» TASK GOAL: Here the job is to retype the data word for word while leaving the pictures aside.

» INFORMATION SHOWN:
________________________________________

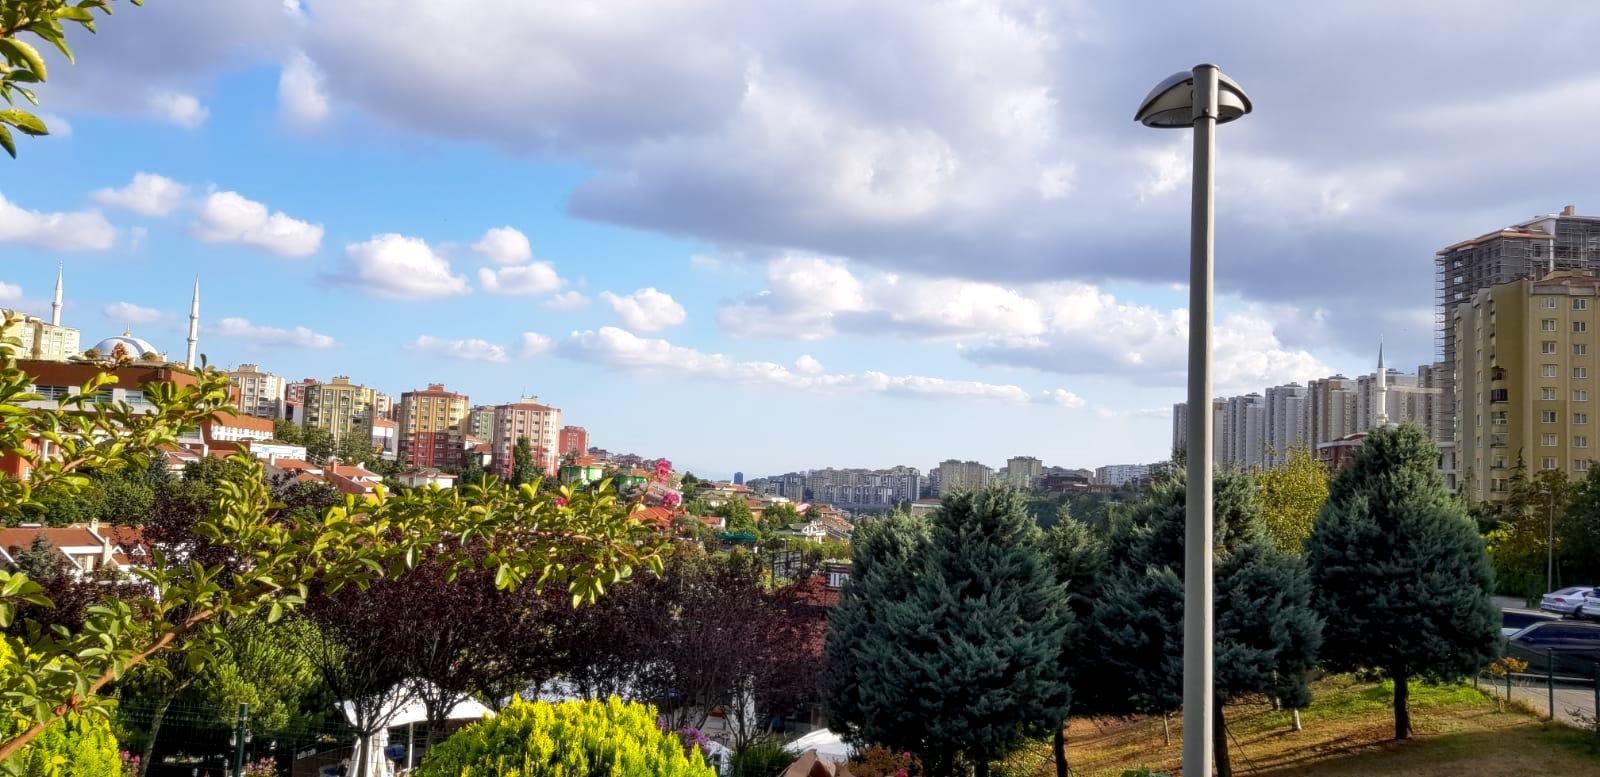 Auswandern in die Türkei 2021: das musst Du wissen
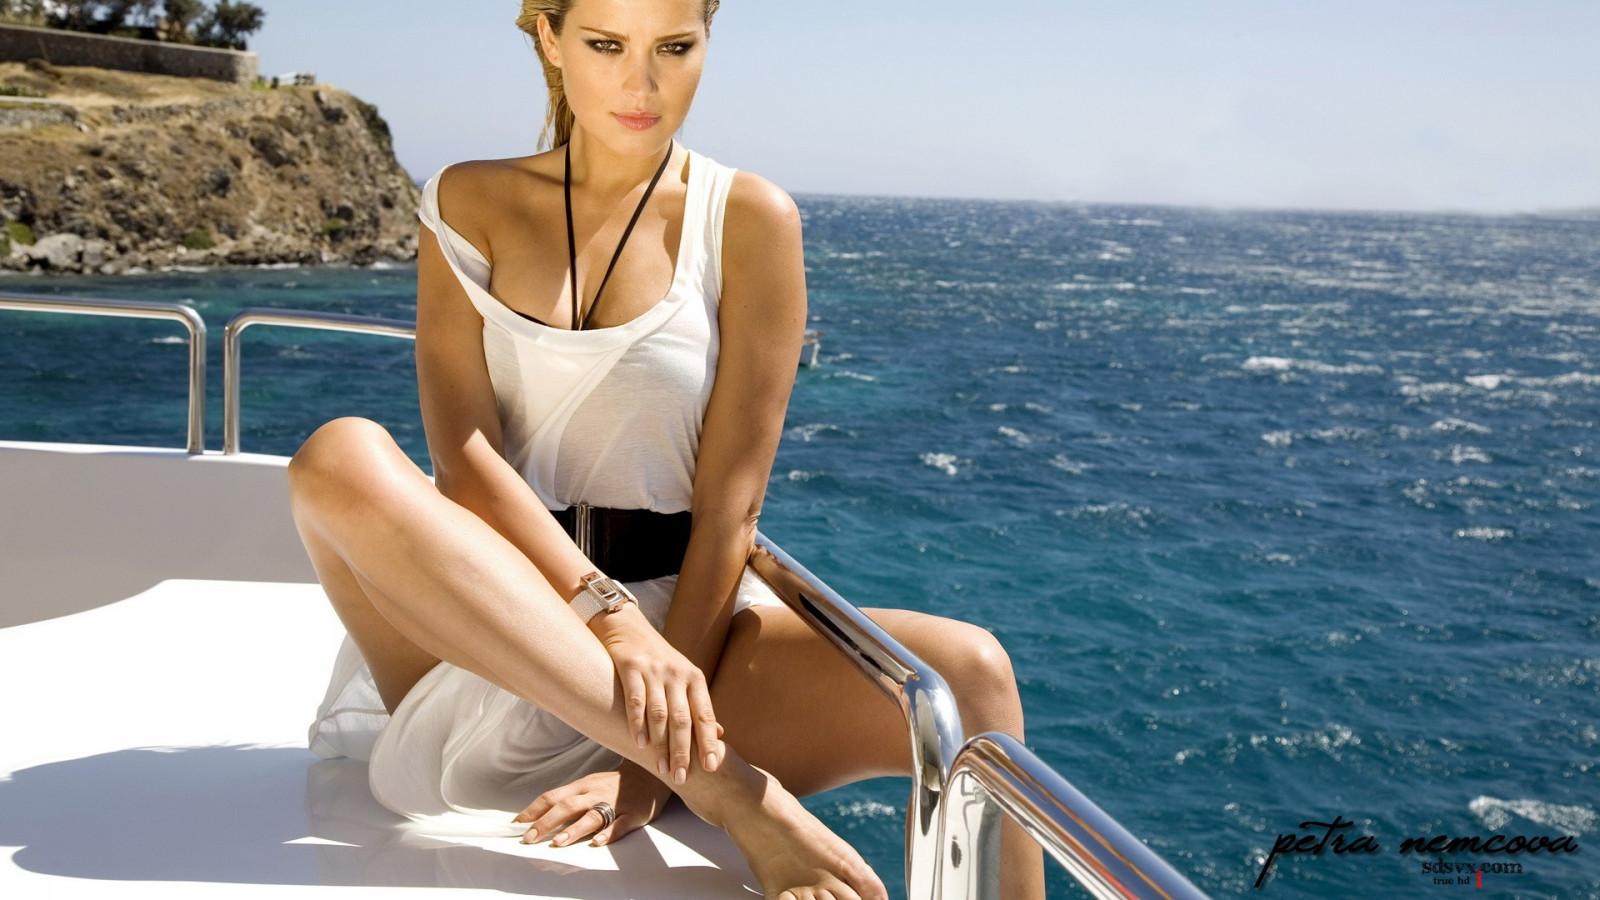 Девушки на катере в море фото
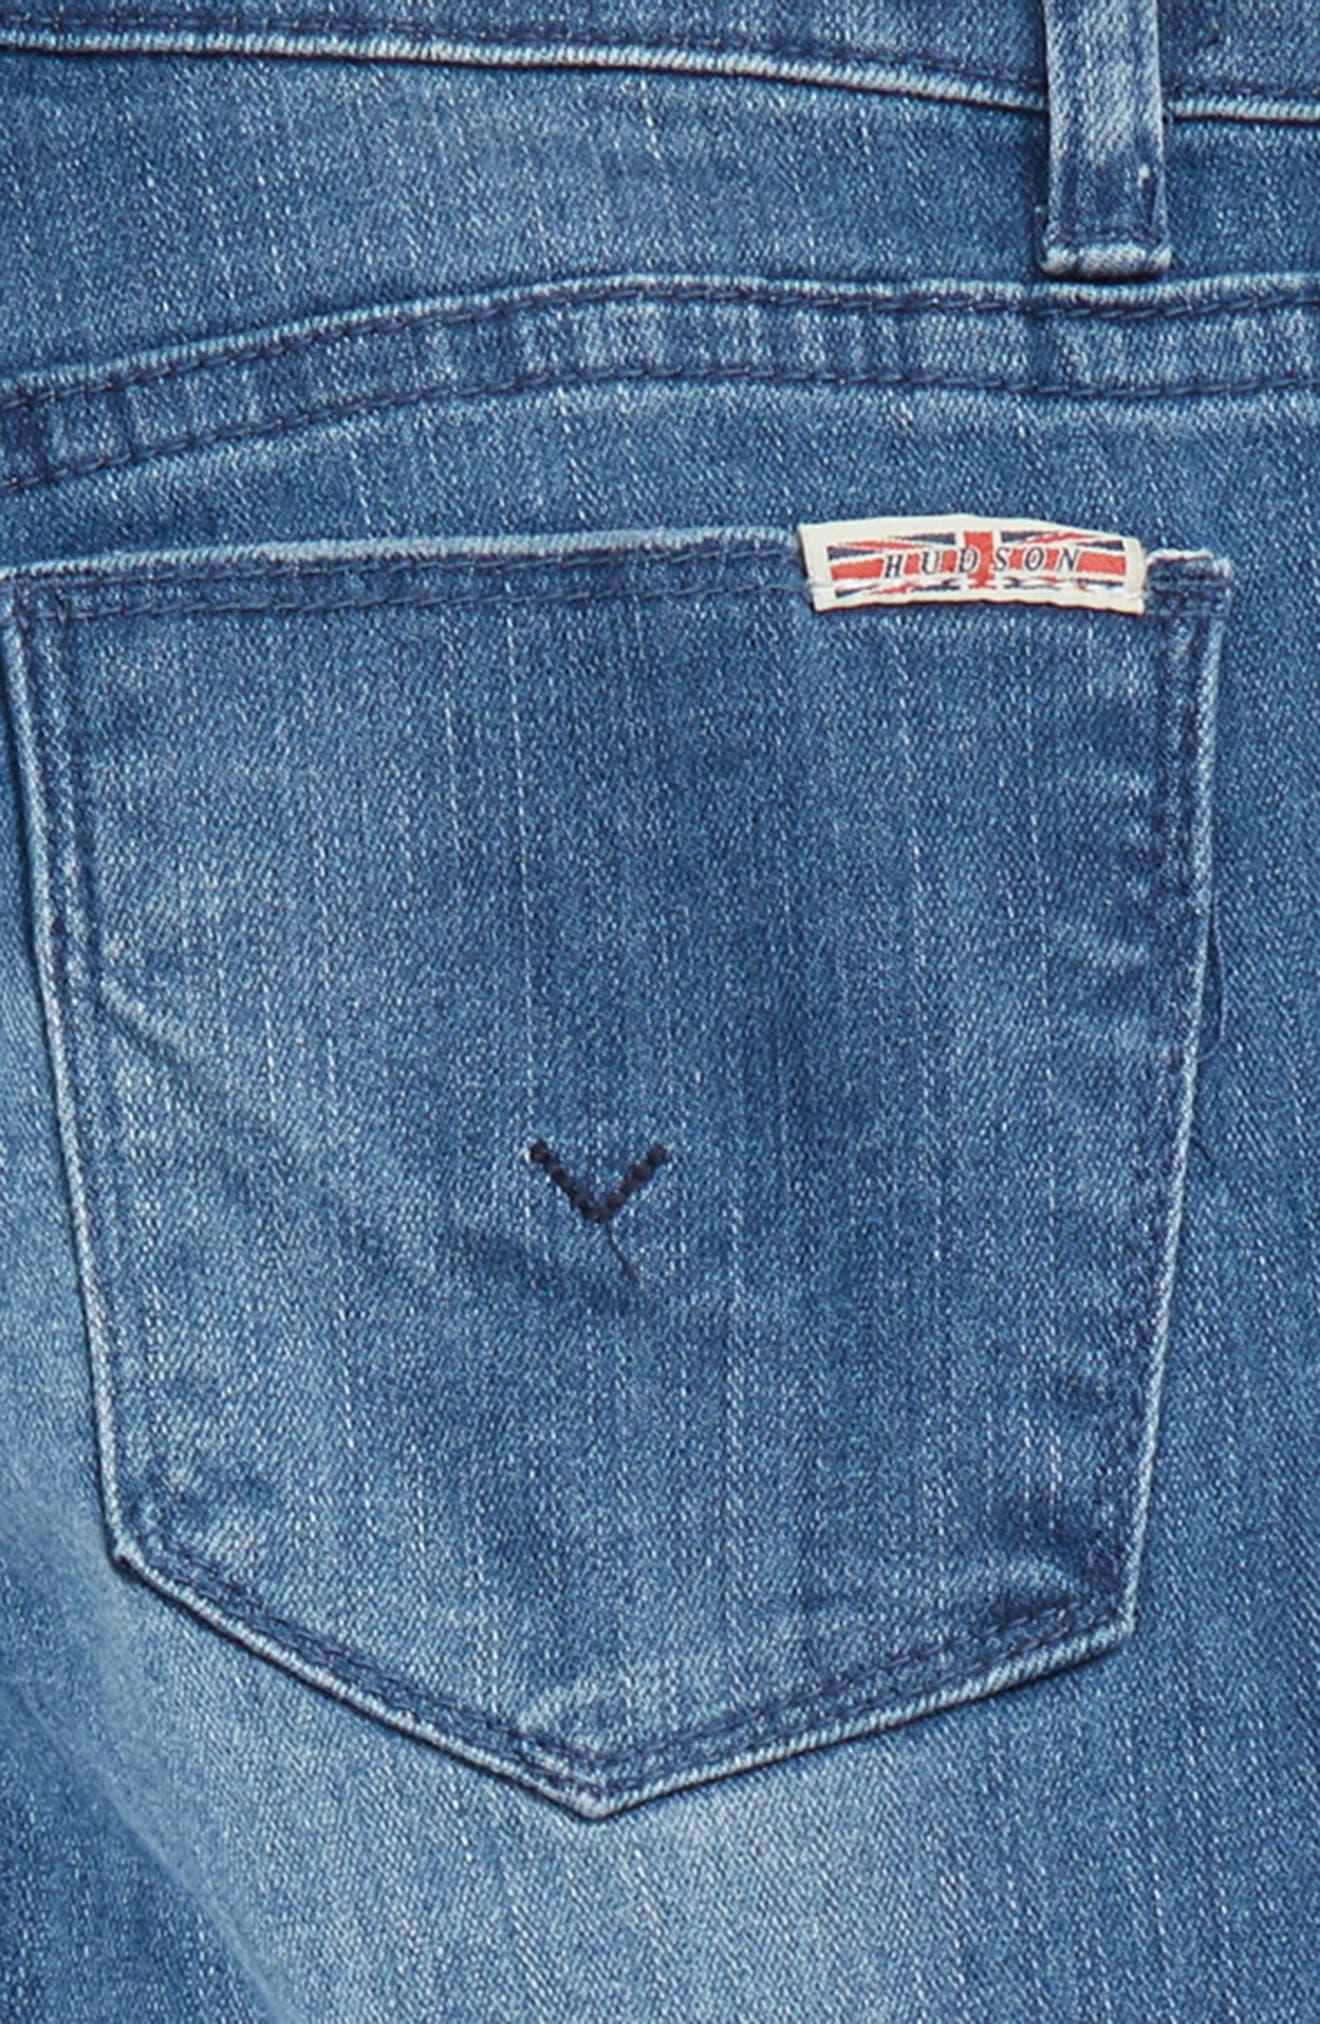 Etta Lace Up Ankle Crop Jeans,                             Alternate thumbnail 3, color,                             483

________________________________________

» SOLUTION:
 Auswandern in die Türkei 2021: das musst Du wissen
 Девушки на катере в море фото
 Etta Lace Up Ankle Crop Jeans,                             Alternate thumbnail 3, color,                             483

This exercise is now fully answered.